Data below:
- - - - -

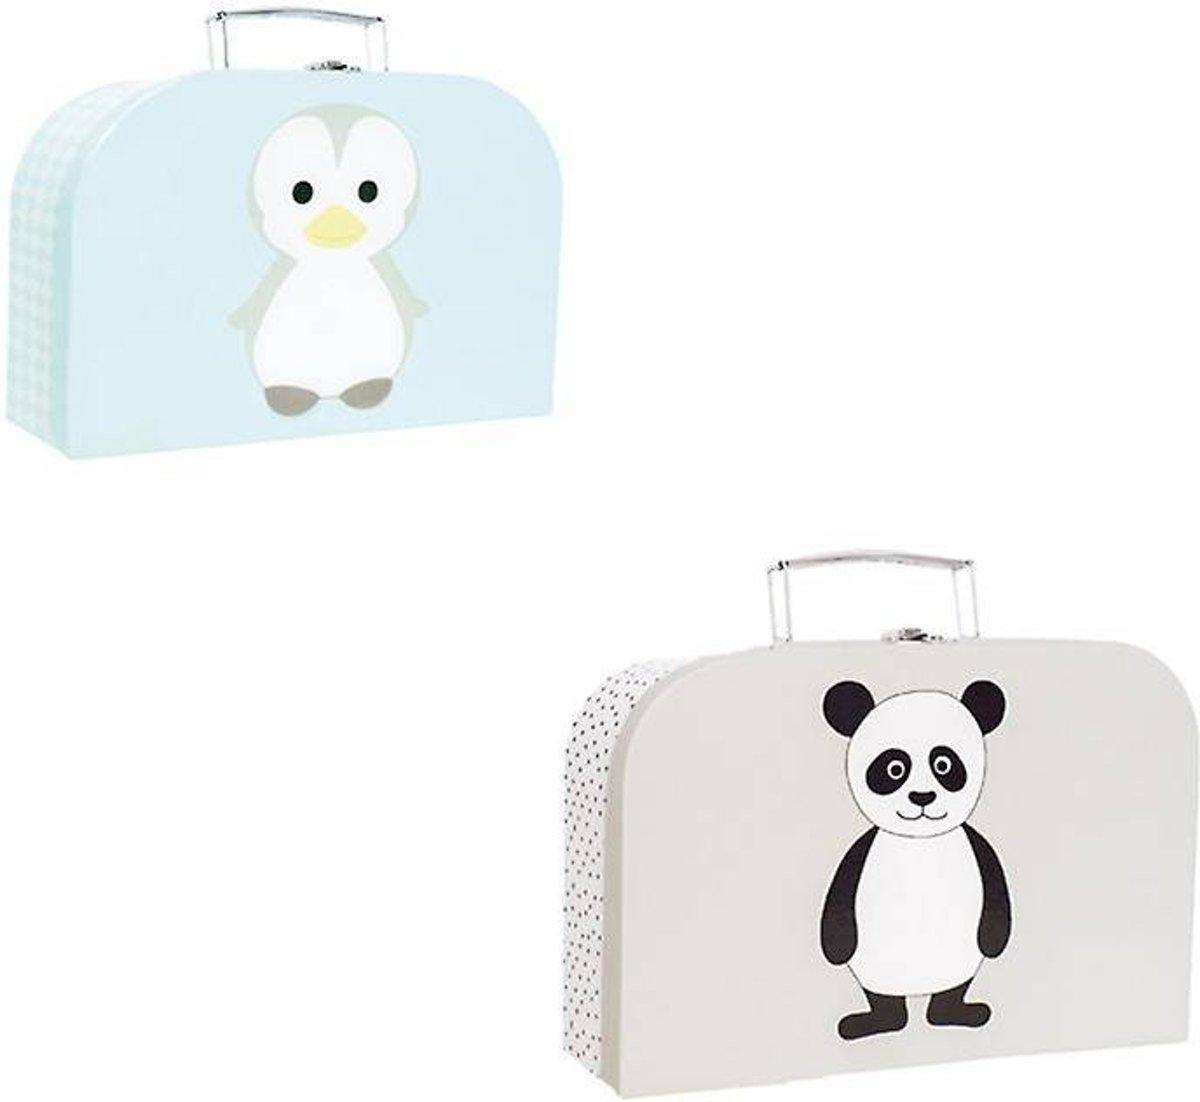 JaBaDaBaDo - Kofferset - Pinguin/panda kopen
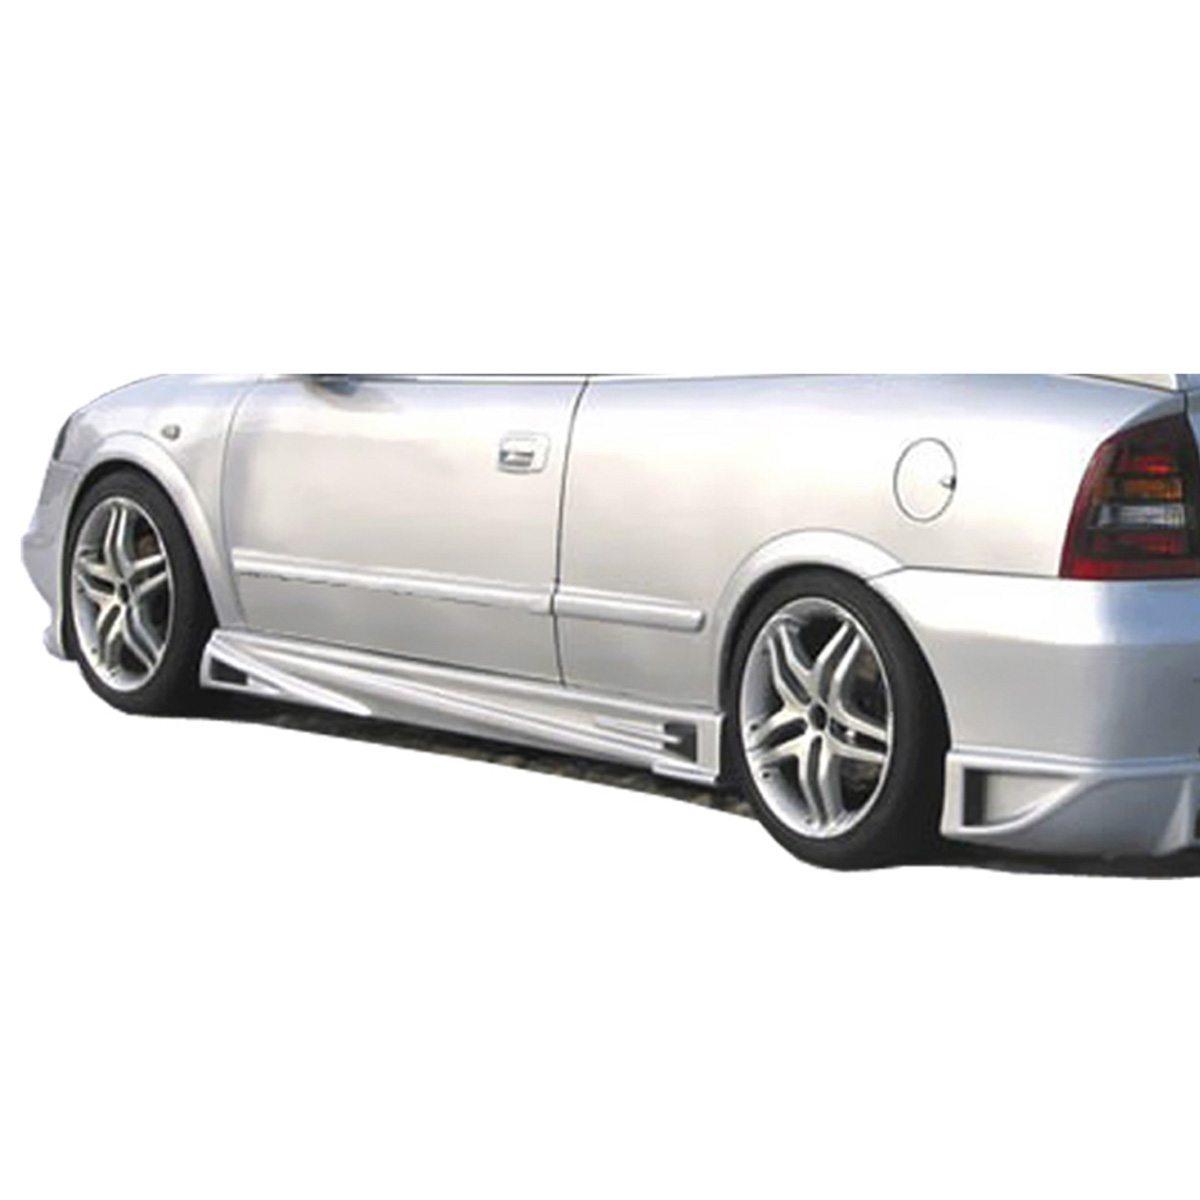 Opel-Astra-G-Hero-Emb-EBU0152
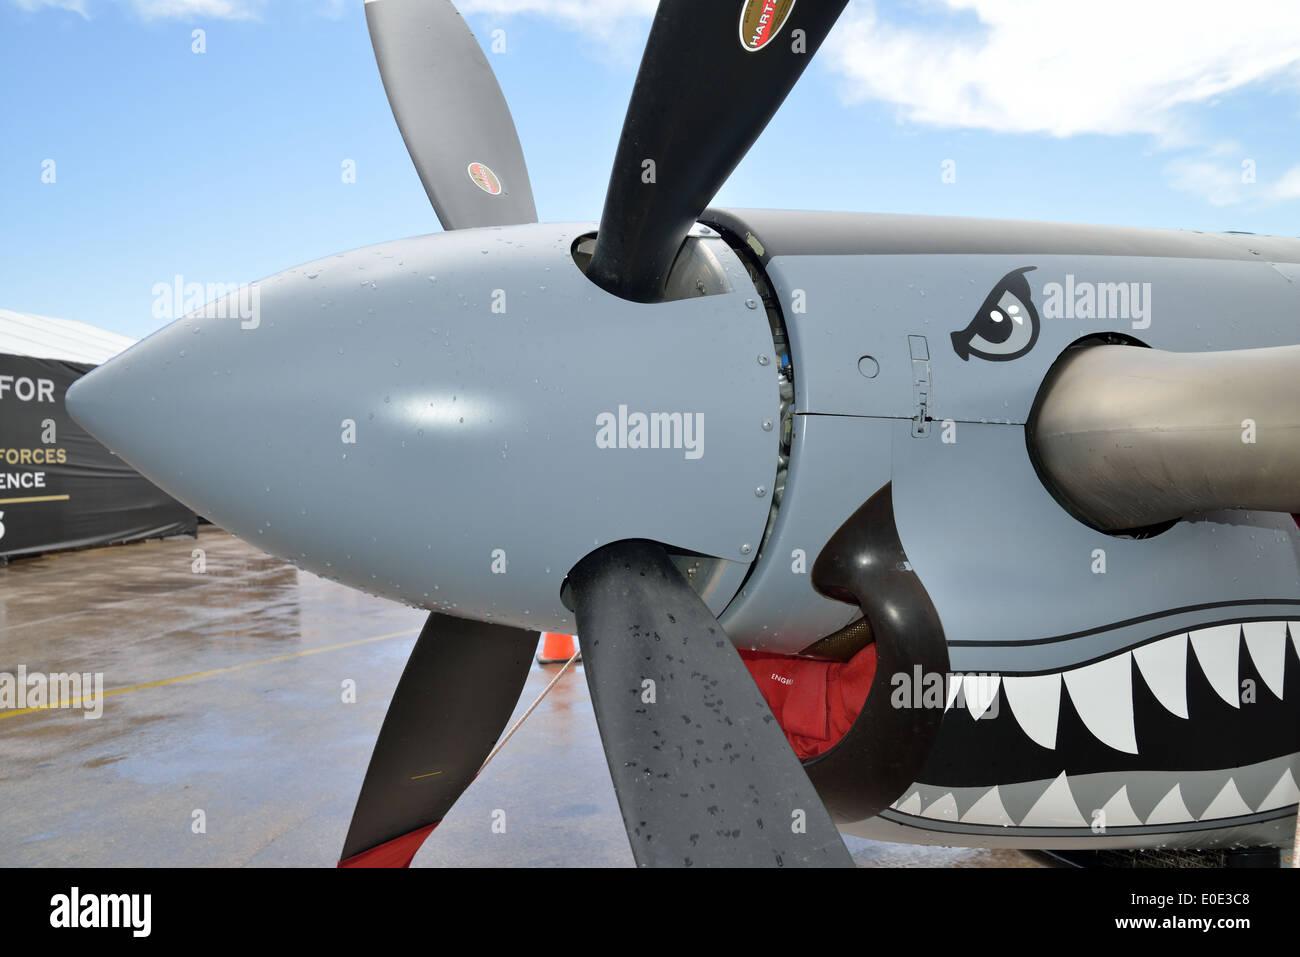 Propeller detail of Pilatus PC-9 M aircraft. - Stock Image
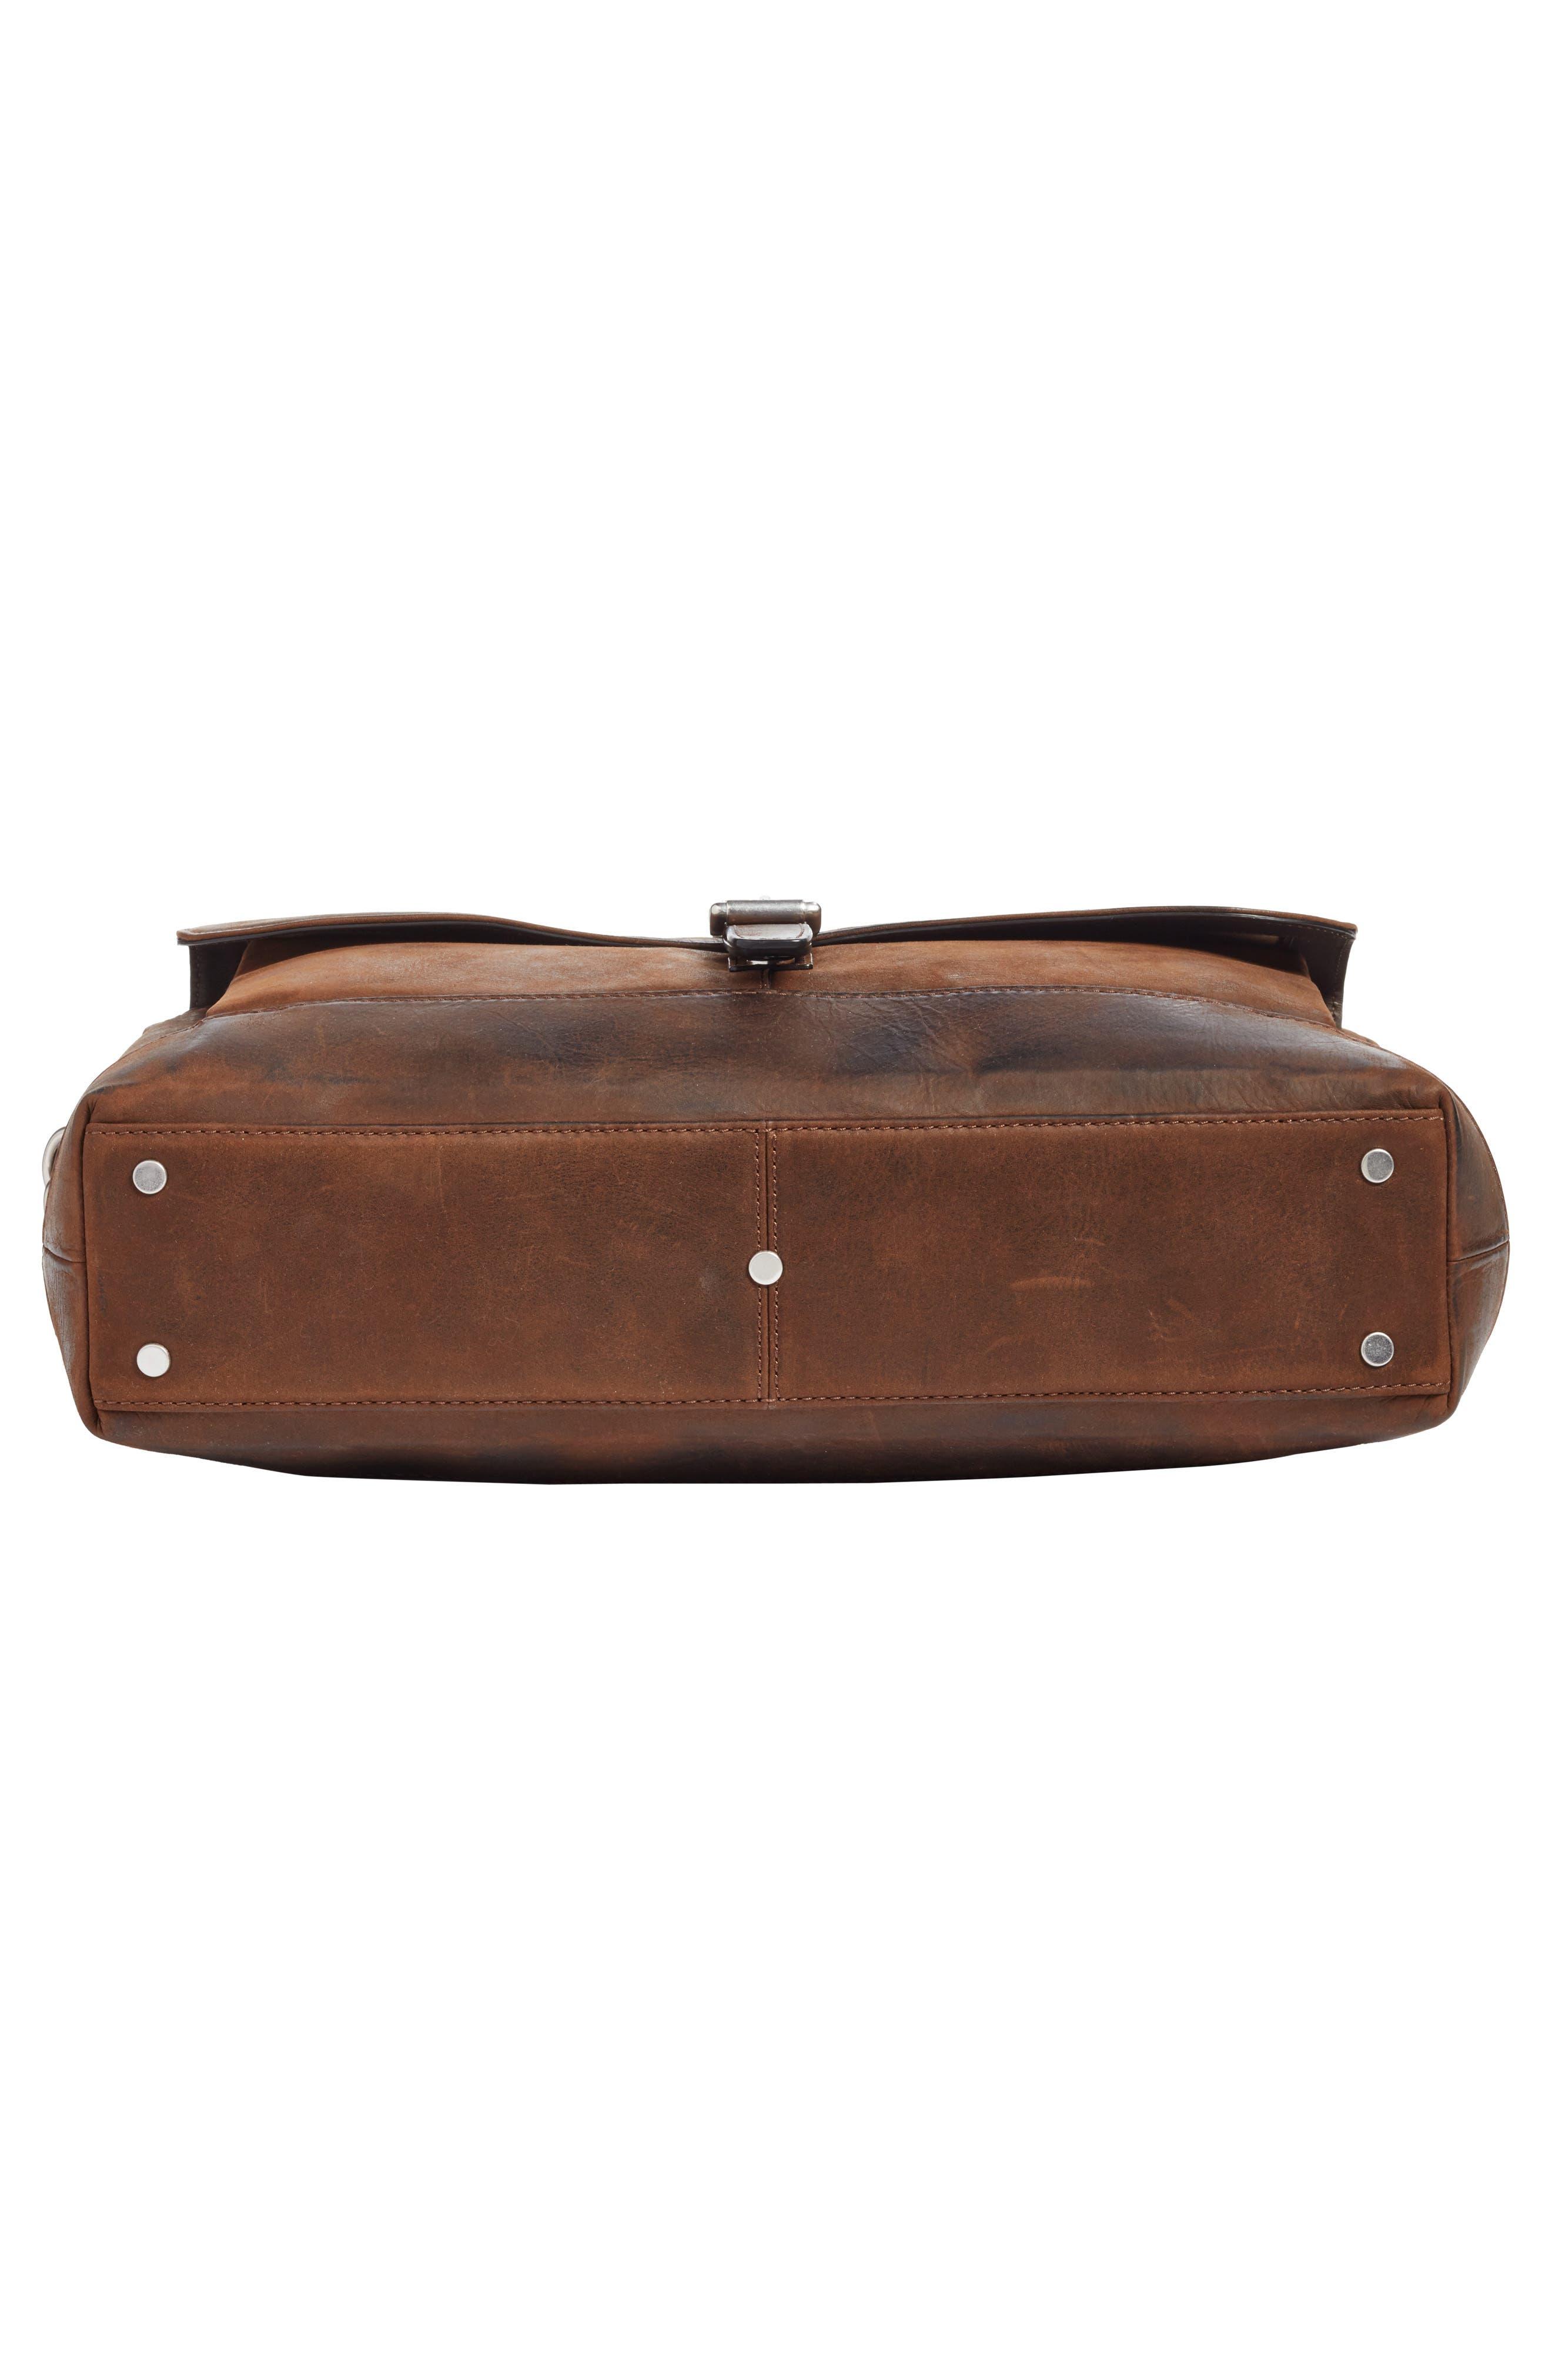 FRYE, Oliver Leather Briefcase, Alternate thumbnail 6, color, DARK BROWN

- - - - -

Goal of the exercise: Where the data includes pictures, leave them out and write out everything else exactly.

Output of the exercise:
 JaBaDaBaDo - Kofferset - Pinguin/panda kopen
 Opel-Astra-G-Hero-Emb-EBU0152
 Propeller detail of Pilatus PC-9 M aircraft. - Stock Image
 FRYE, Oliver Leather Briefcase, Alternate thumbnail 6, color, DARK BROWN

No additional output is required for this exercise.